┌──

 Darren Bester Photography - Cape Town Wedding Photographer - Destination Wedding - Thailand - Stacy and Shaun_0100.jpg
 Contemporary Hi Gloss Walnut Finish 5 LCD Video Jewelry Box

└──
┌──

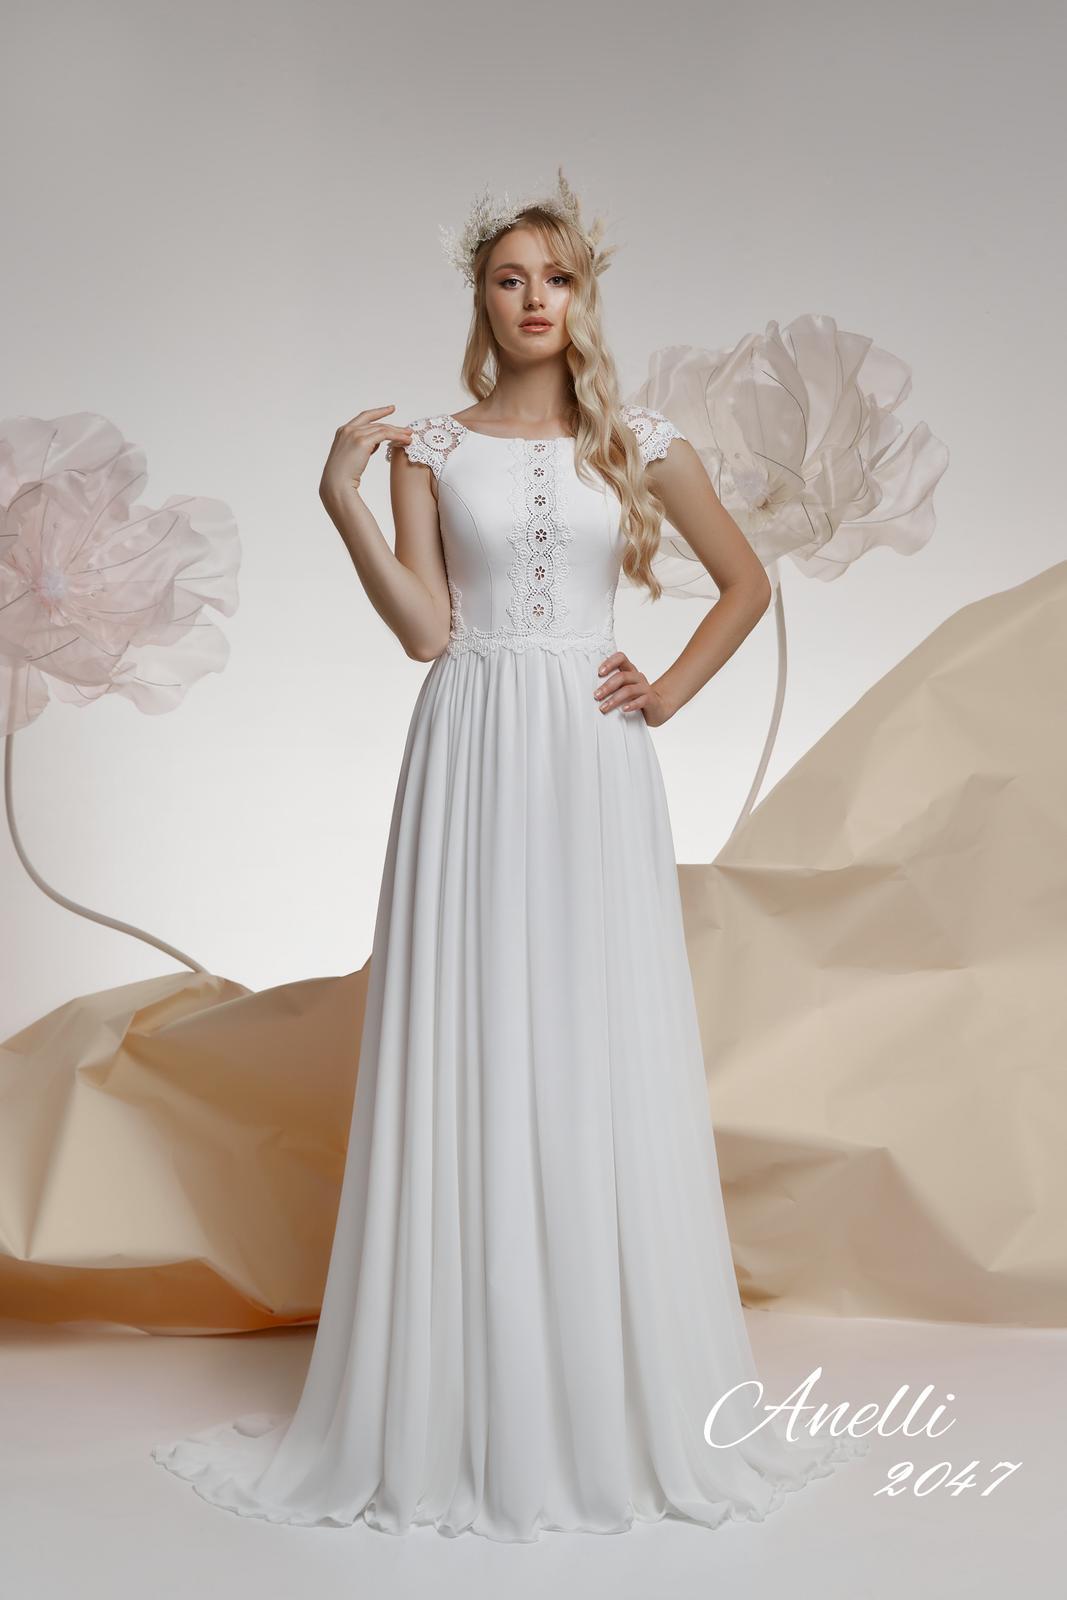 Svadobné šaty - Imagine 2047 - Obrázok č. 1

└──

● WHAT YOU NEED TO DO: In the listing above, start at the line with "Darren Bester Photography", go on through the line with "Contemporary Hi Gloss", and copy each of those lines exactly; leave out all the rest.

● RESPONSE BELOW:
 Darren Bester Photography - Cape Town Wedding Photographer - Destination Wedding - Thailand - Stacy and Shaun_0100.jpg
 Contemporary Hi Gloss Walnut Finish 5 LCD Video Jewelry Box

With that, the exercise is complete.